Transsphenoidal Surgery 9-1: Preoperative T1-weighted contrast MRI defines sellar anatomy and the relationship of sellar lesions to surrounding structures.


Transsphenoidal Surgery 9-2: The patient is positioned supine with the head elevated above the right atrium. The head is placed in a three-pin fixation device, with the neck flexed and turned toward the right shoulder so that a midline axis of approach is aligned with the surgeon’s field of view. The fluoroscope is positioned to give a coplanar view of the sella, and navigational devices are positioned for ease of view. An orogastric tube should be used to prevent drainage of blood products into the esophagus, which can result in immediate postoperative emesis or aspiration pneumonia. Some surgeons place a role of Kerlex gauze into the oropharynx as an alternative.

Transsphenoidal Surgery 9-3: The patient’s nose and facial structures are prepared with povidone-iodine (Betadine) solution, and the nasal mucosa is prepared with cotton-tip applicators soaked with Betadine solution. After preparation, the nose is packed with pledgets soaked with oxymetazoline (Afrin). Most patients are given ceftriaxone before beginning the surgery, and patients with Cushing syndrome are given preoperative stress dose steroids. The right lower abdominal quadrant, above the waste line, or the right thigh is prepared for harvesting of a fat or fascia lata graft. Also, a lumbar drain can be placed preoperatively if the tumor has suprasellar extension; a drain is optional if the lesion abuts the sellar diaphragm.
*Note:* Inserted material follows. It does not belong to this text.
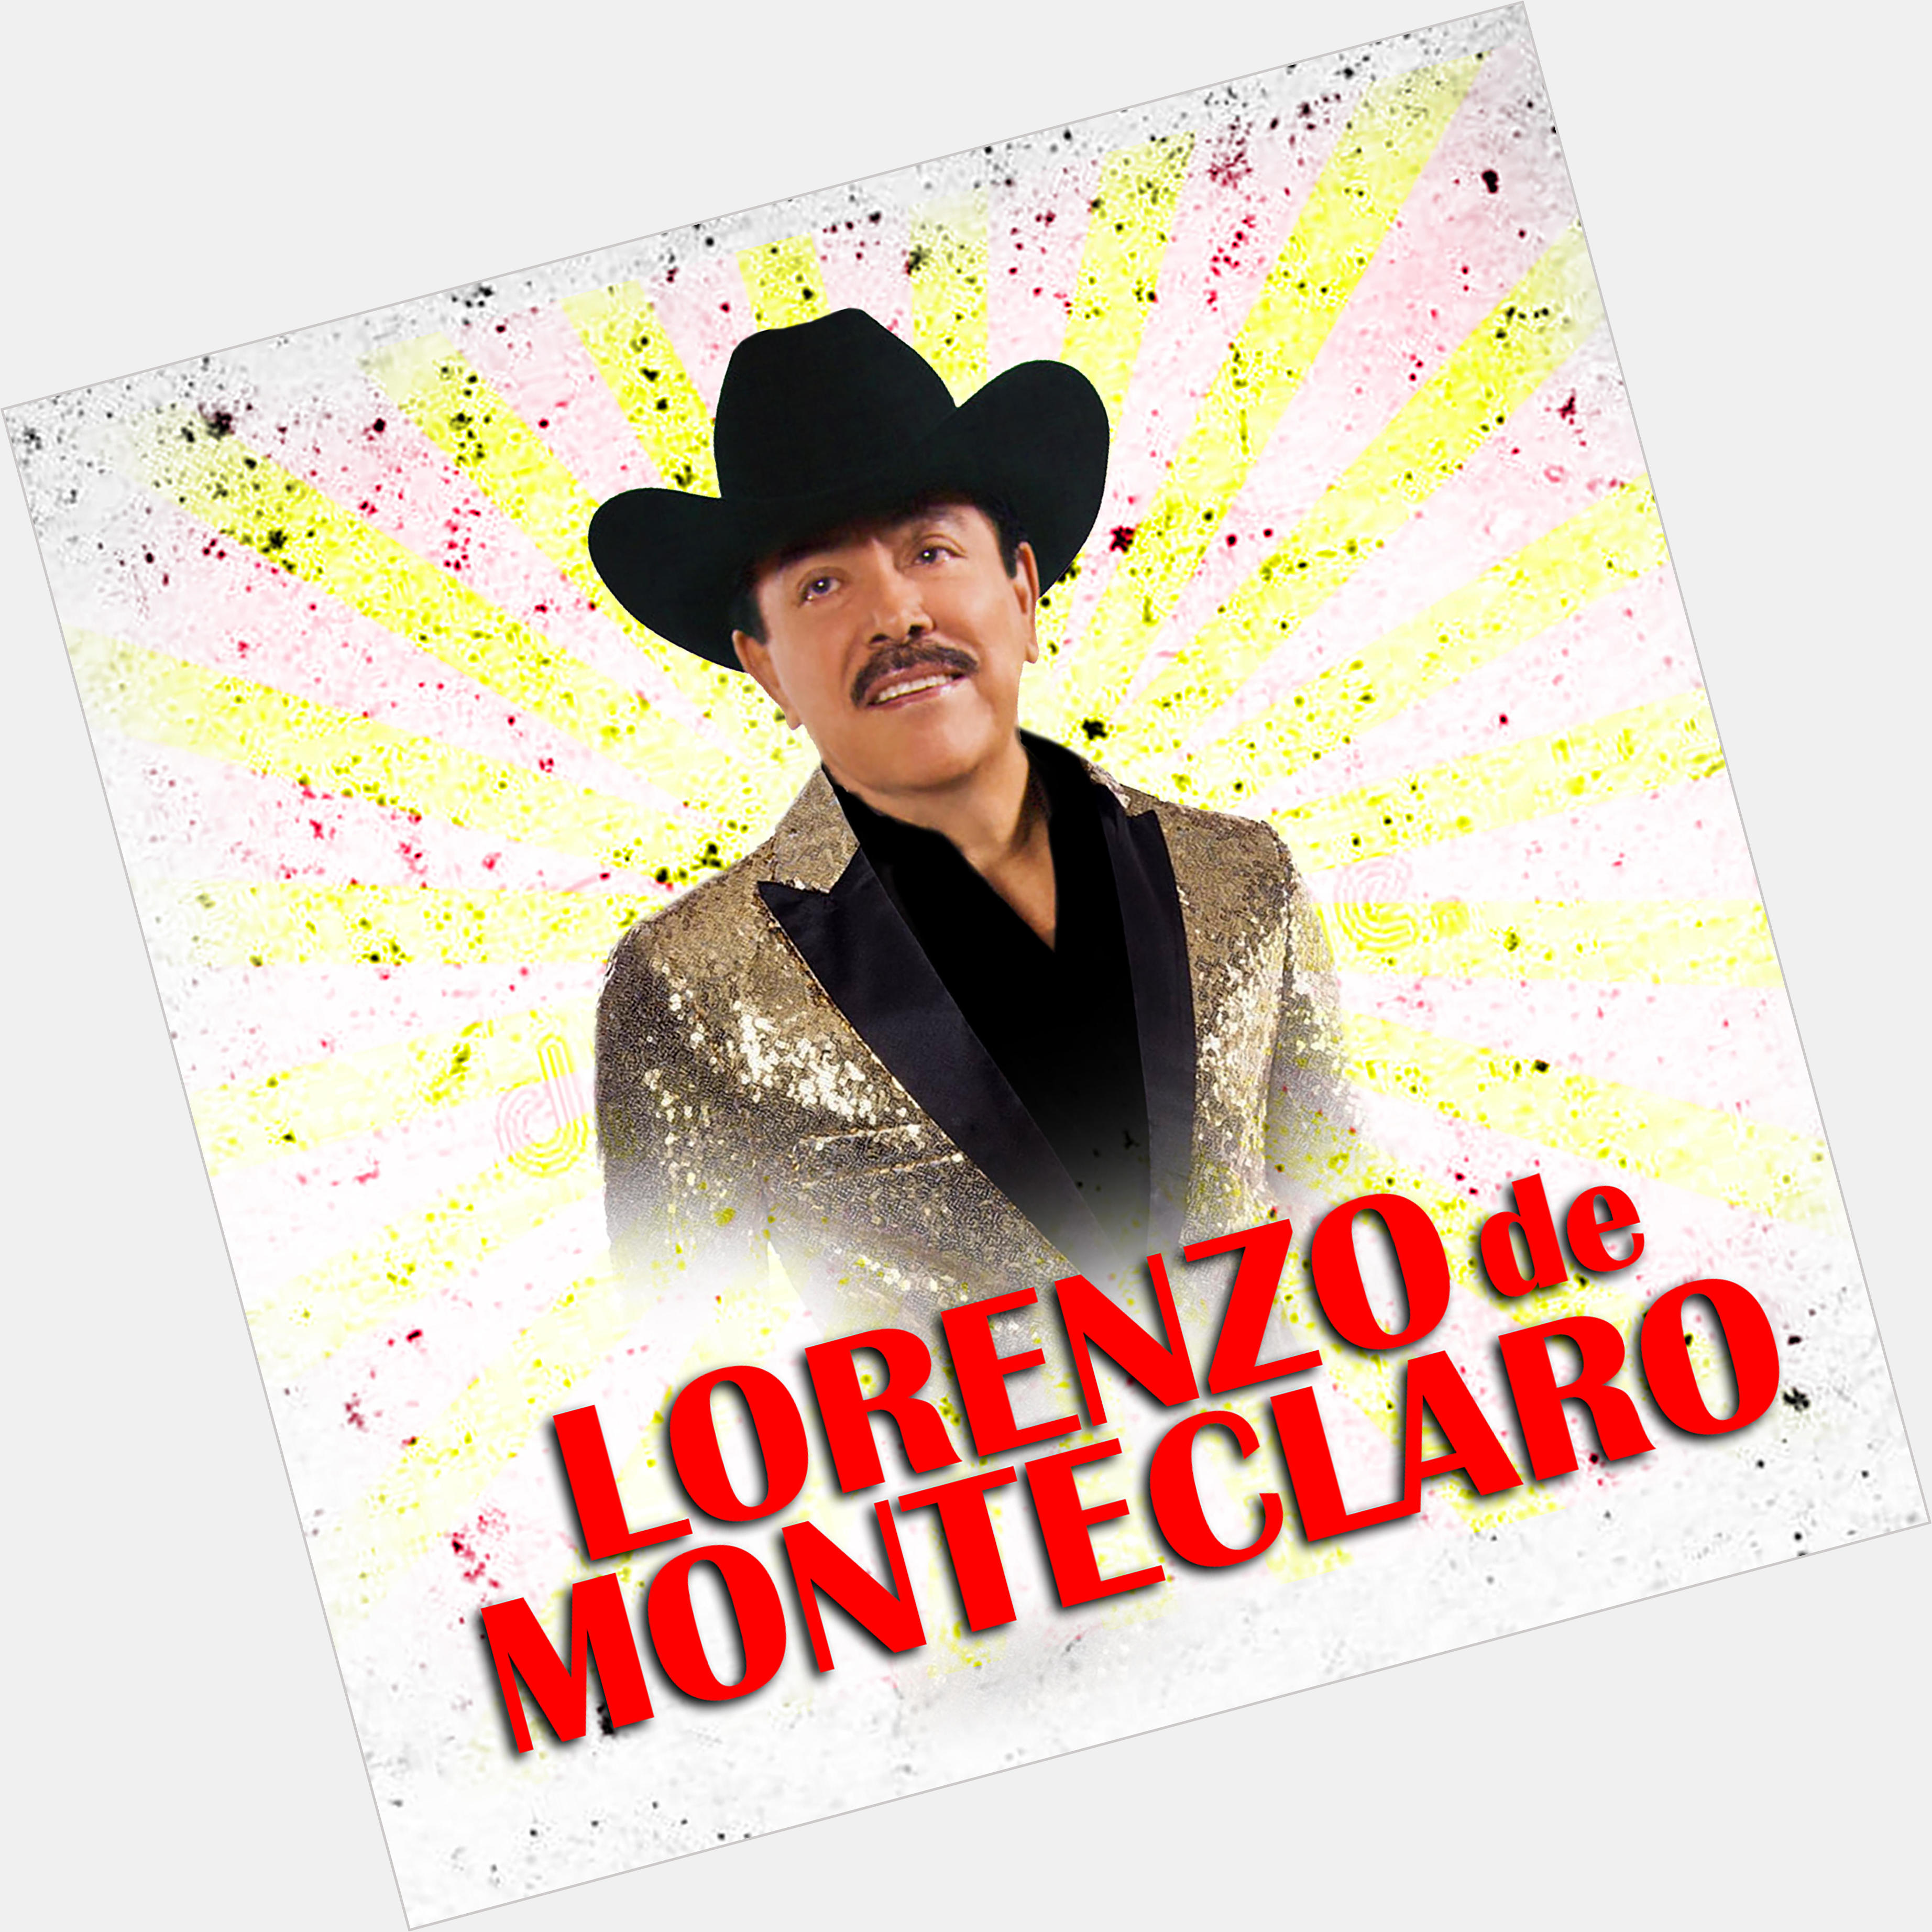 Lorenzo De Monteclaro

Transsphenoidal Surgery 9-4: A long hand-held nasal speculum and endoscope are used to visualize and infiltrate the mucosa overlying the nasal septum and turbinates with 0.25% lidocaine and epinephrine (1:200,000) for local anesthesia and hemostasis. A linear incision is made in the mucosa overlying the posterior septum, and the septum is fractured and deviated to the opposite side with the use of a No. 2 Penfield dissector. A self-retaining speculum is placed on either side of the remnants of the fractured septum to allow visualization of the sphenoid ostia and keel of the rostrum. MT, medial turbinate; NS, nasal septum.